==== Data provided ====

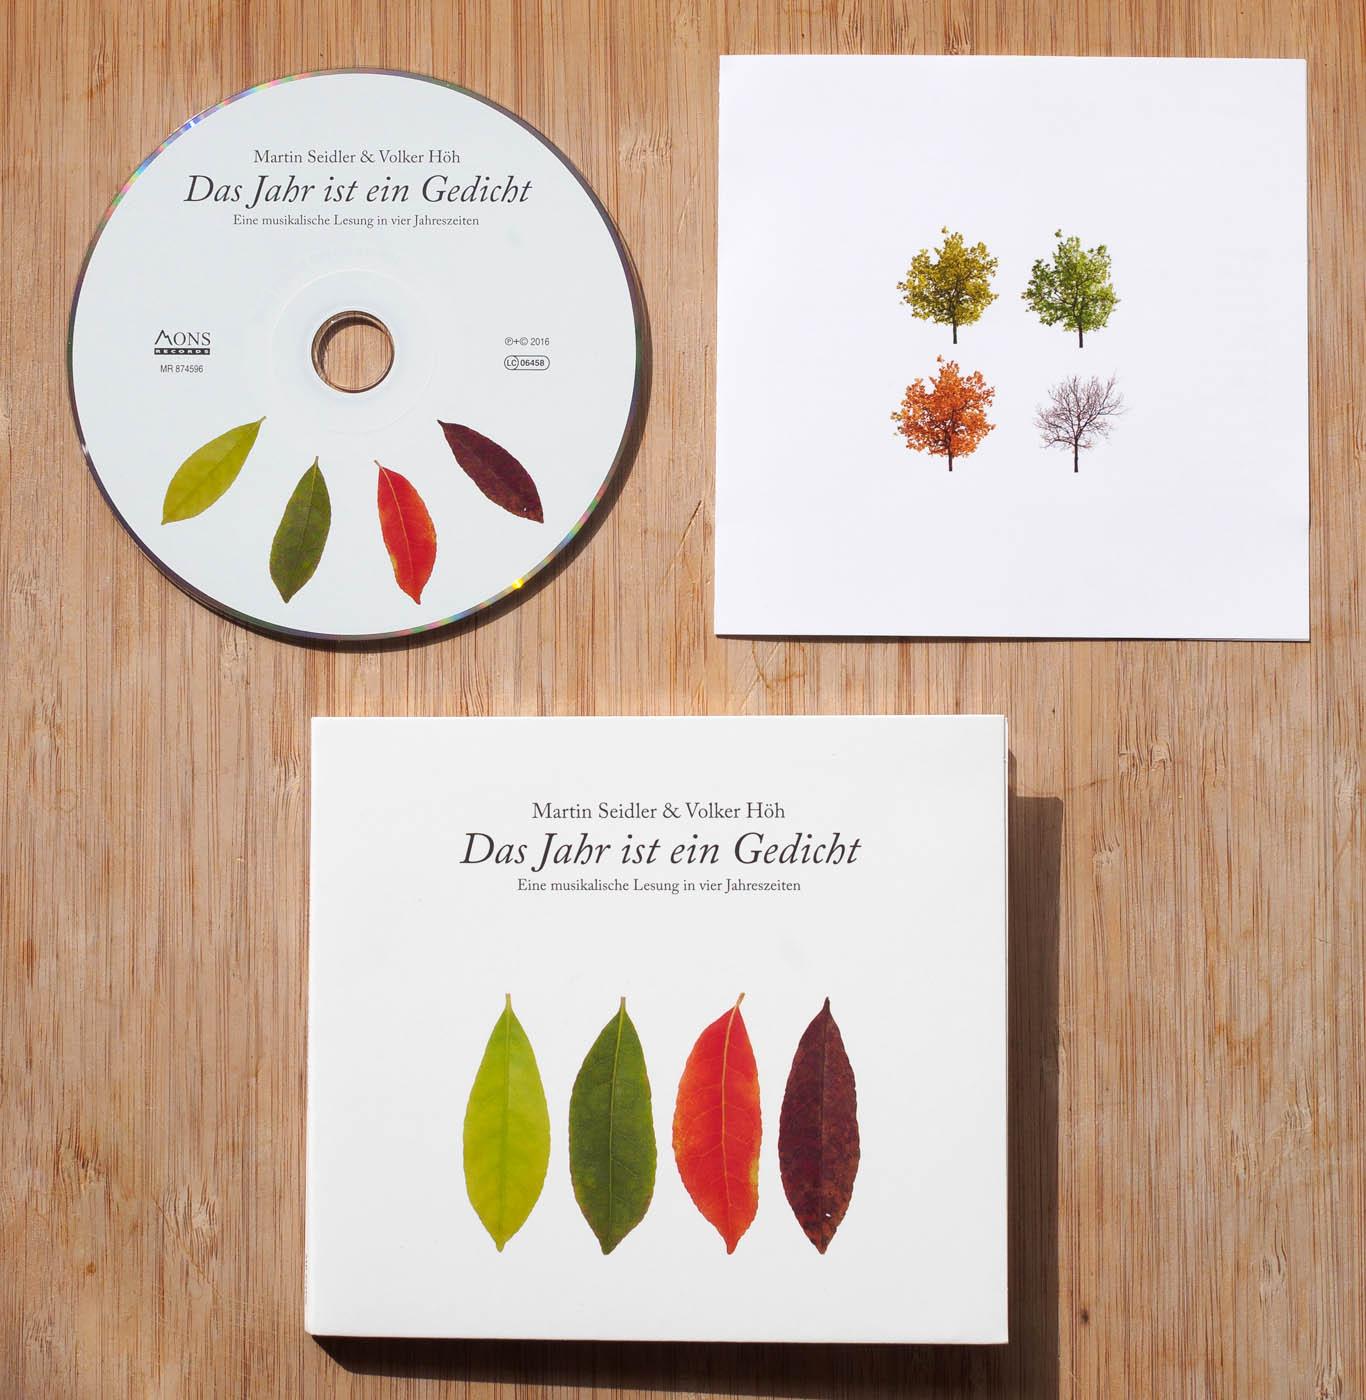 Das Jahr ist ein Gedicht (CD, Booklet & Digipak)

====
==== Data provided ====

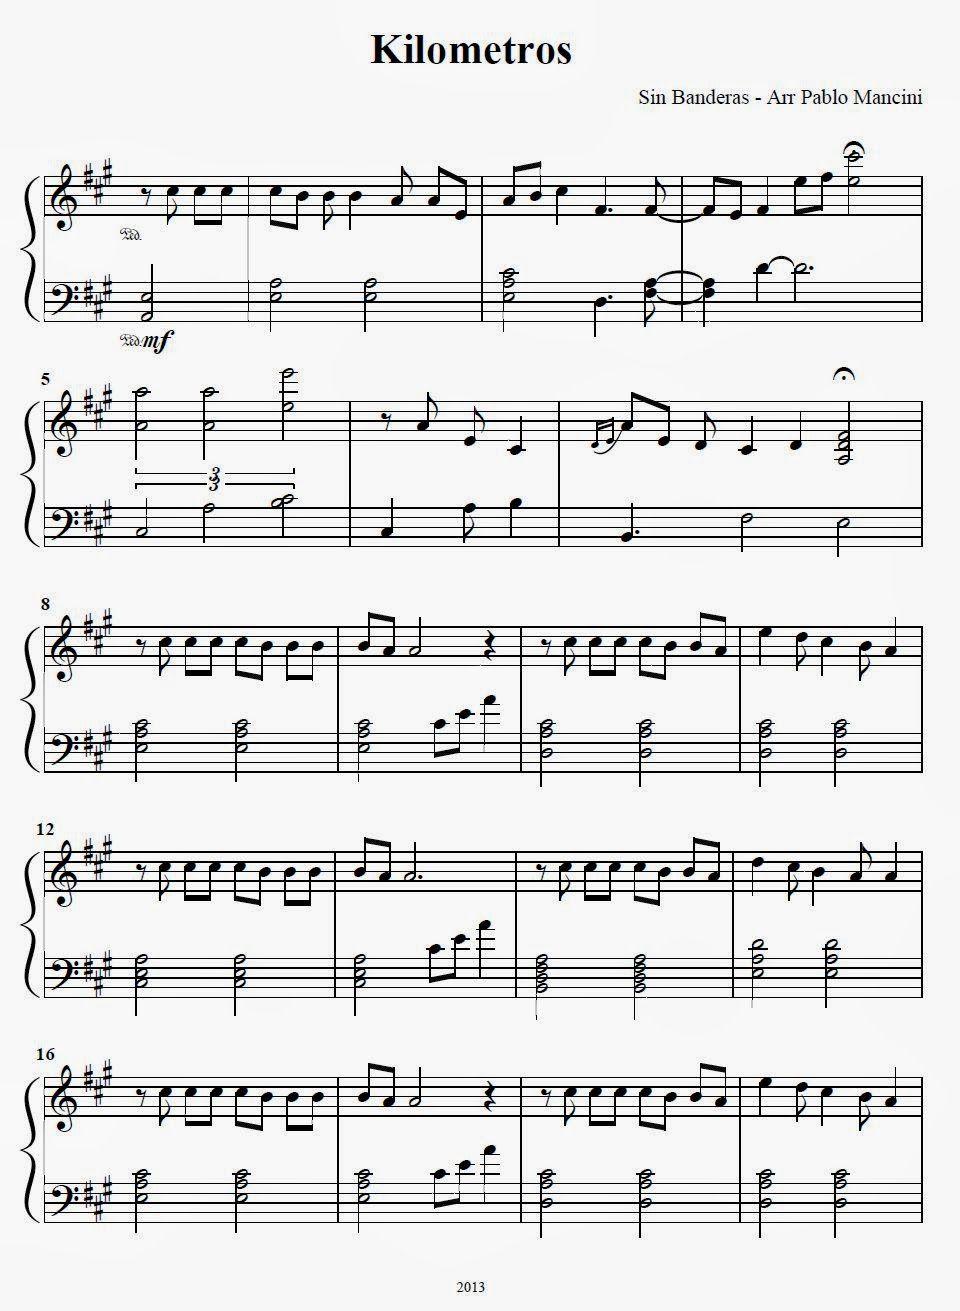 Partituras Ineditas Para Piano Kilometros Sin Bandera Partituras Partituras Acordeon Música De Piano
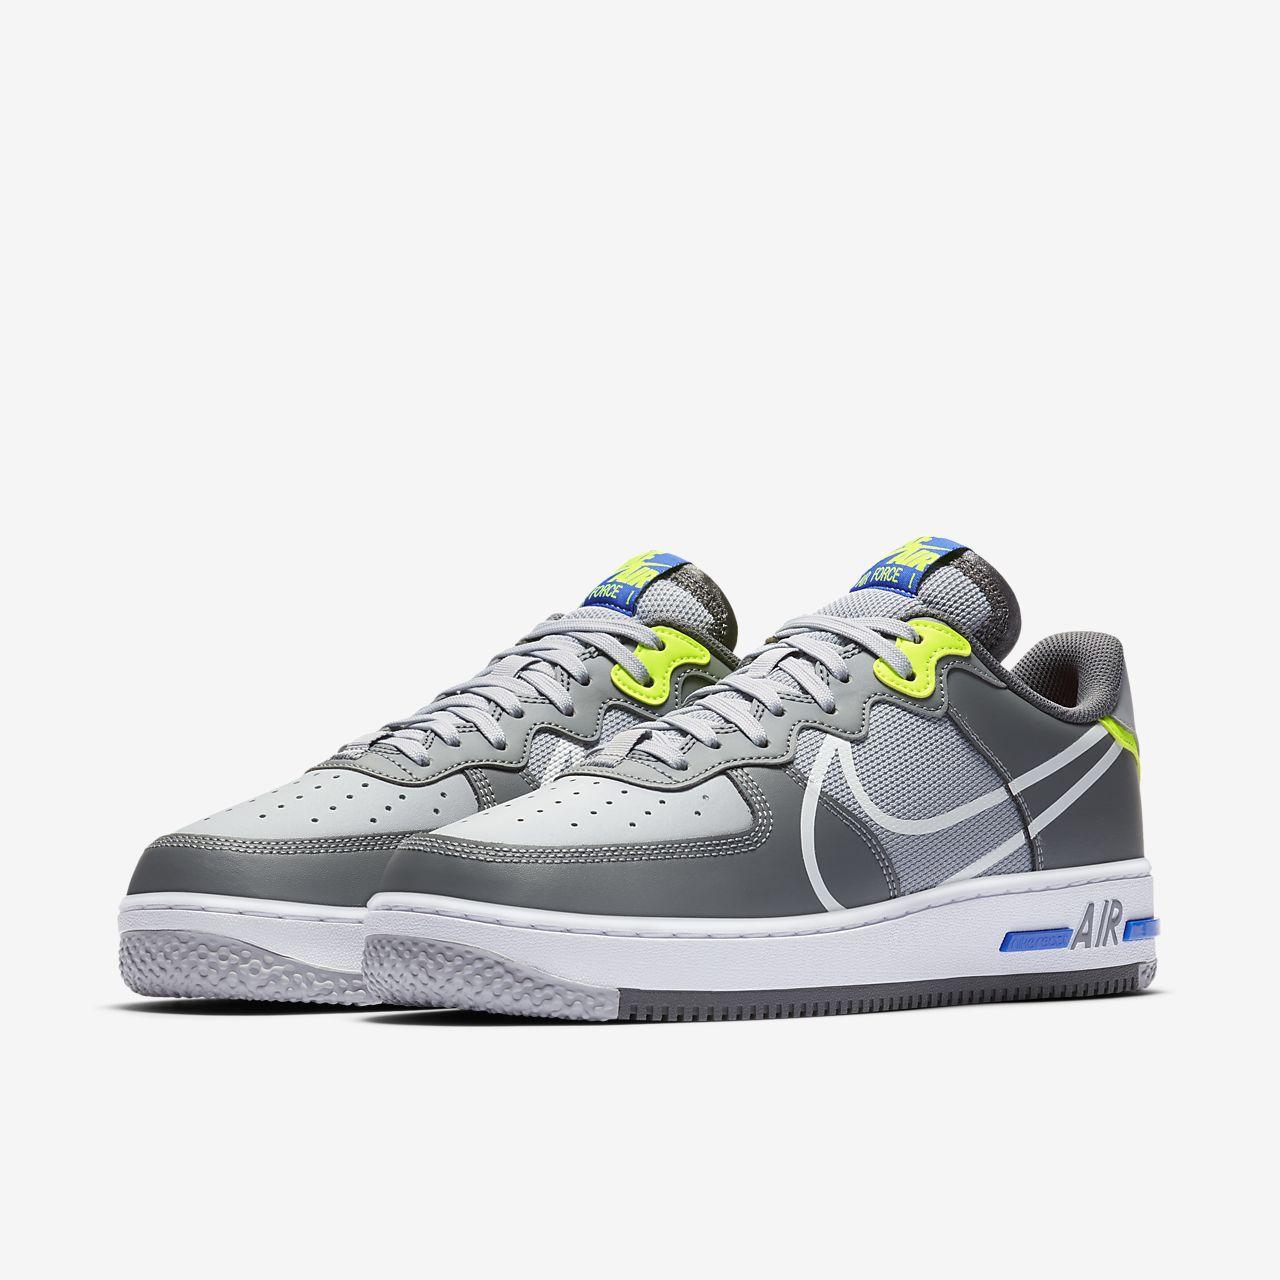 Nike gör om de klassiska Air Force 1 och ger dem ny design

====

With the pictures removed from your copy, retype the lines above from the one that contains "Partituras Ineditas Para" through the one that contains "Nike gör om", exactly.

Reply to the task |
 Partituras Ineditas Para Piano Kilometros Sin Bandera Partituras Partituras Acordeon Música De Piano
 Nike gör om de klassiska Air Force 1 och ger dem ny design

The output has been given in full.